Should be meaningful and unique also in a larger context. If your tool is called grep try to prefix that name with something meaningful. Objective is to make it easier for Galaxy admins to identify a tool based on the short ID. Otherwise they would need to use the long toolshed/xx/ id.

Some simple rules for generating tool IDs:

  • Tool IDs should contain only [a-z0-9_-].
  • Multiple words should be separated by underscore or dashes
  • Suite tools should prefix their ids with the suite name. E.g. bedtools_*

Tool Names

Names are important! Names are how users and admins find your tools. Names should strive to be unique within a suite of tools, and may wish to include the suite name if it is a well known suite. Some instructional examples:

  • Cufflinks, Cuffdiff, Cuffmerge are in a suite together.
  • The vsearch suite contains tools with names like “VSearch Alignment”, “VSearch Clustering”, etc.

In the cufflinks example, everyone knows the functionality of the cufflinks command, and can easily guess as the use of a tool named “cuffdiff” in their tool panel.

With VSearch however, a tool named “Alignment” would not be useful, as users would have a hard time finding it and gathering context about its functionality. With the VSearch prefix, once a user learns what one VSearch tool does, they can quickly apply that to the other available VSearch tools.

Tool Descriptions

Tool names are not your only tool for making your tool discoverable to end users, and conveying information regarding the functionality of said tool. Tool descriptions are displayed directly after the tool name and generally conform to a “sentence” like structure.

  • bowtie2 is a short read aligner
  • Cuffmerge merges together several Cufflinks assemblies
  • NCBI BLAST+ database info shows BLAST database information from blastdbcmd

In the above examples the tool name is rendered in fixed width text, and the rest is the tool description.

Parameter help

The help section should include the long argument name (but this should not be in the tool label). E.g. help="(--max)". This is useful to give the user the chance to go to the original documentation and map the Galaxy UI element to the actual parameter. It also makes debugging easier if the user is talking to non-Galaxy developers.

Tests

All Galaxy Tools should include functional tests. In their simplest form, you provide sample input files and expected output files for given parameter values. Where the output file is not entirely reproducible you can make assertions about the output file contents.

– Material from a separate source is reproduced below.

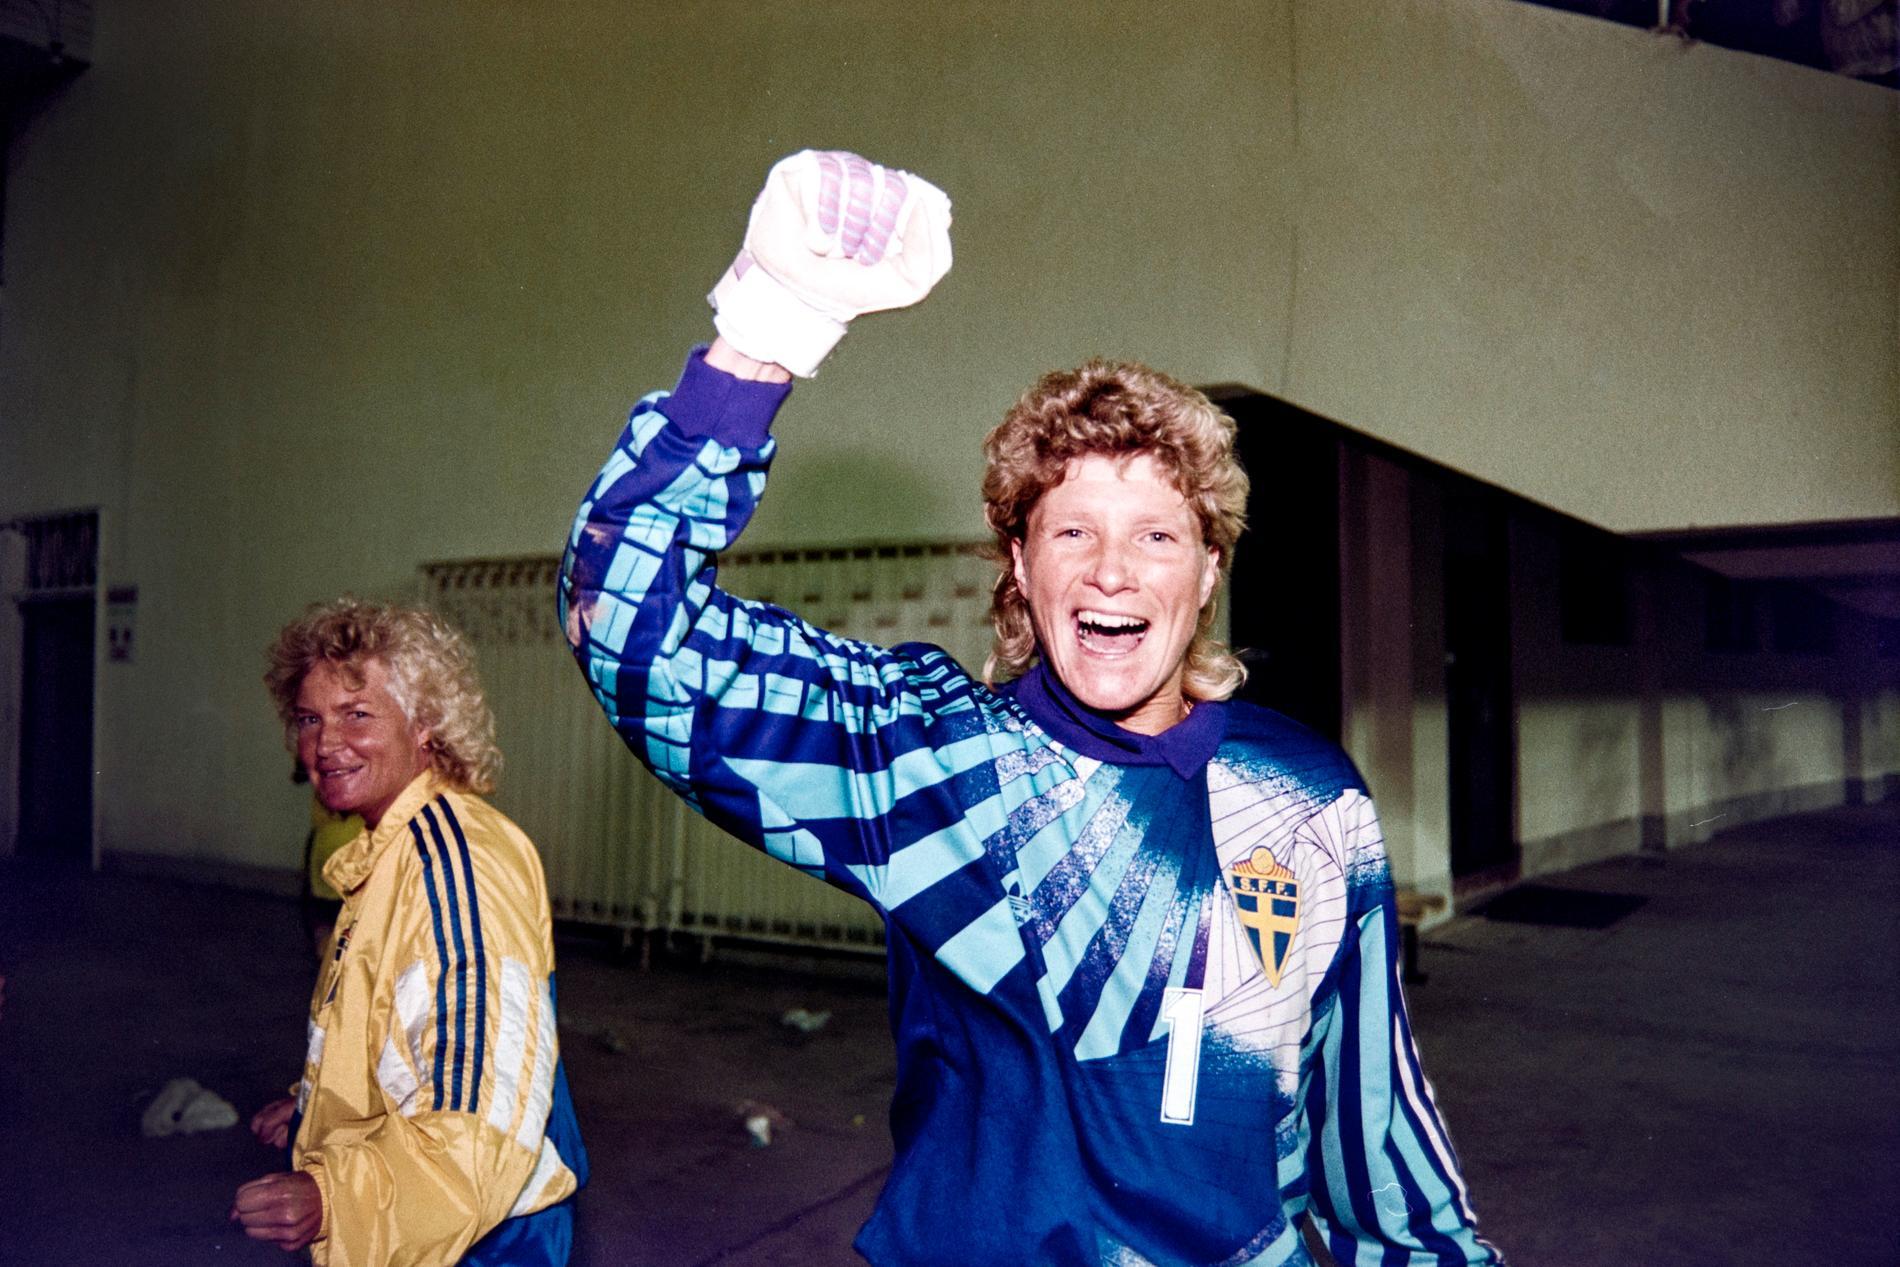 Elisabeth Leidinge, Em-guldmedaljör och banbrytande på målvaktz

Testing error conditions is also important. Recent development now allows tests say if the test should fail, and to make assertions about the tool’s stdout and stderr text (e.g. check expected summary text or warning messages appear).

Booleans

truevalue and falsevalue should have the actual parameter included. This makes it really easy to reference the param name in the Cheetah command section.

<param name=”strict” truevalue=”--enable-strict” falsevalue=””>
$strict

Boolean should not be used as conditionals. For conditionals please use a select type as described in Dynamic Options below.

Dynamic Options

Certain options such as “Advanced Options” should be a select box and not a boolean. A checkbox is not expected to change the content of the mask from a user point of view.

Command tag

The command tag is one of the most important parts of the tool, next to the user-facing options. It’s important that it be highly legible.

Command Formatting

The command tag should be started and finished by a CDATA tag, allowing direct use of characters like the ampersand (&) without needing XML escaping (&amp;).

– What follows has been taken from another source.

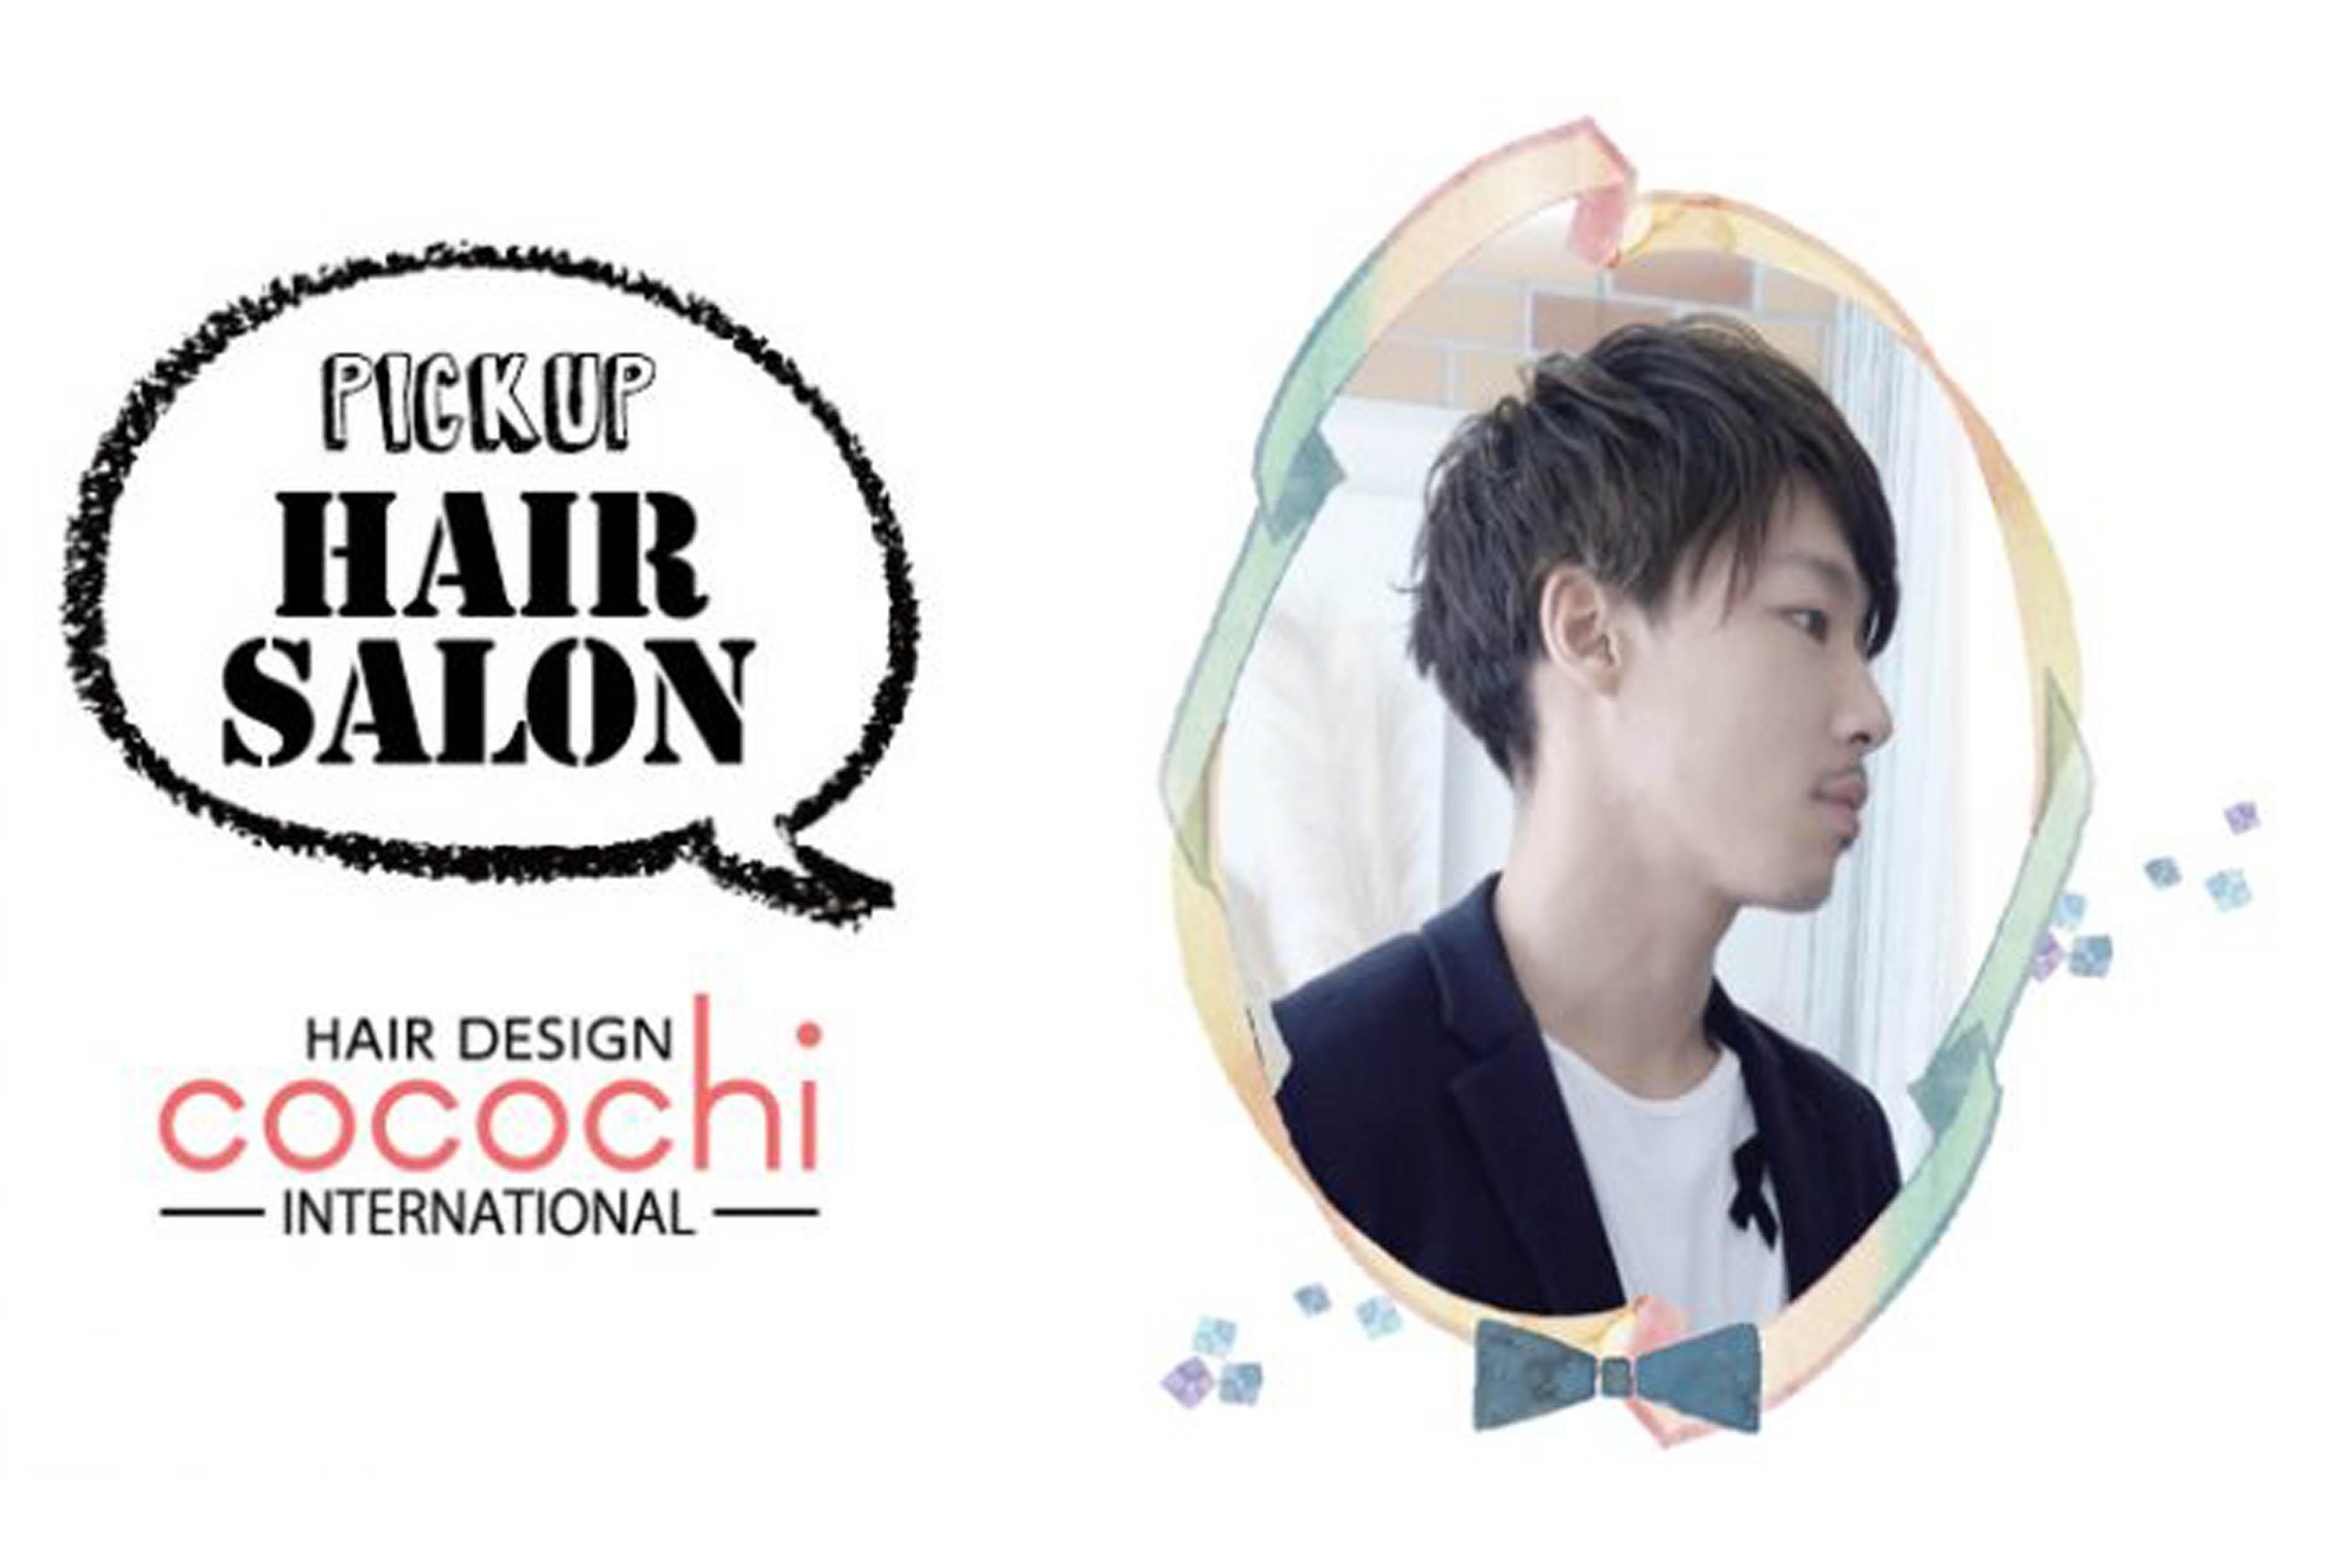 【PICK UP HAIR SALON】 COCOCHI

<![CDATA[ your lines of Cheetah here ]]>

Wikipedia has more on CDATA

If you need to execute more than one shell command, concatenate them with a double ampersand (&&), so that an error in a command will abort the execution of the following ones.

Exit Code Detection

Unless the tool has special requirements, you should take advantage of the exit code detection provided by Galaxy, in lieu of using the <stdio/> tags. This can be done by adding a detect_errors tag to your <command /> block like so:

<command detect_errors="aggressive">
...
</command>

This will automatically fail the tool if the exit code is non-zero, or if the phrases error: or exception: appear in STDERR.

Help tag

The help tag should be started and finished by a CDATA tag.

<![CDATA[ your lines of restructuredText here ]]>

http://en.wikipedia.org/wiki/CDATA

Inside the help tag you should describe the functionality of your tool. The help tag is to the help="" attribute as a man page is to the --help flag. The help tag should cover the tools functionality, use cases, and even known issues in detail. The help tag is a good place to provide examples of how to run the tool and discuss specific subcases that your users might be interested in.

Including Images

If you have produced images detailing how your tool works (e.g. bedtools), it might be nice for those images to be included in the Galaxy tool documentation!

Images should be placed in a subdirectory, ./static/images/, and referenced in your tool help as .. image:: my-picture.png. This can be seen in the IUC’s wrappers, such as the one for the bedtools slop command.

Tool Dependency Package

If you are using perl/ruby/python/R packages, use the corresponding *_environment tags to depend on a specific version of Perl/Ruby …

Generating Indices

Occasionally data needs to be indexed (e.g. bam, fasta) files. When data is indexed, those indices should be generated in the current working directory rather than alongside the input dataset. This is part of the tool contract, you can read from your inputs, but only write to your outputs and CWD.

It’s convenient to do something like:

ln -sfn "${input_fasta}" tmp.fa;

before data processing in order to be able to easily generate the indices without attempting to write to a (possibly) read-only data source.

Datatypes

TODO

DataManagers

TODO

Coding Style

  • 4 spaces indent
  • Order of XML elements:
  • Cheetah code should be mainly PEP8 conform
  • Large XML tags should be broken into several lines
    • label and help can be on a new line
  • param names should be readable and understandable, e.g. using the long option name of the wrapped tool
  • All Cheetah variables for text params, input and output files must be quoted with “${var_name}”
  • Order of parameter attributes
    • name
    • type
    • value | truevalue | falsevalue
    • [checked]
    • label
    • help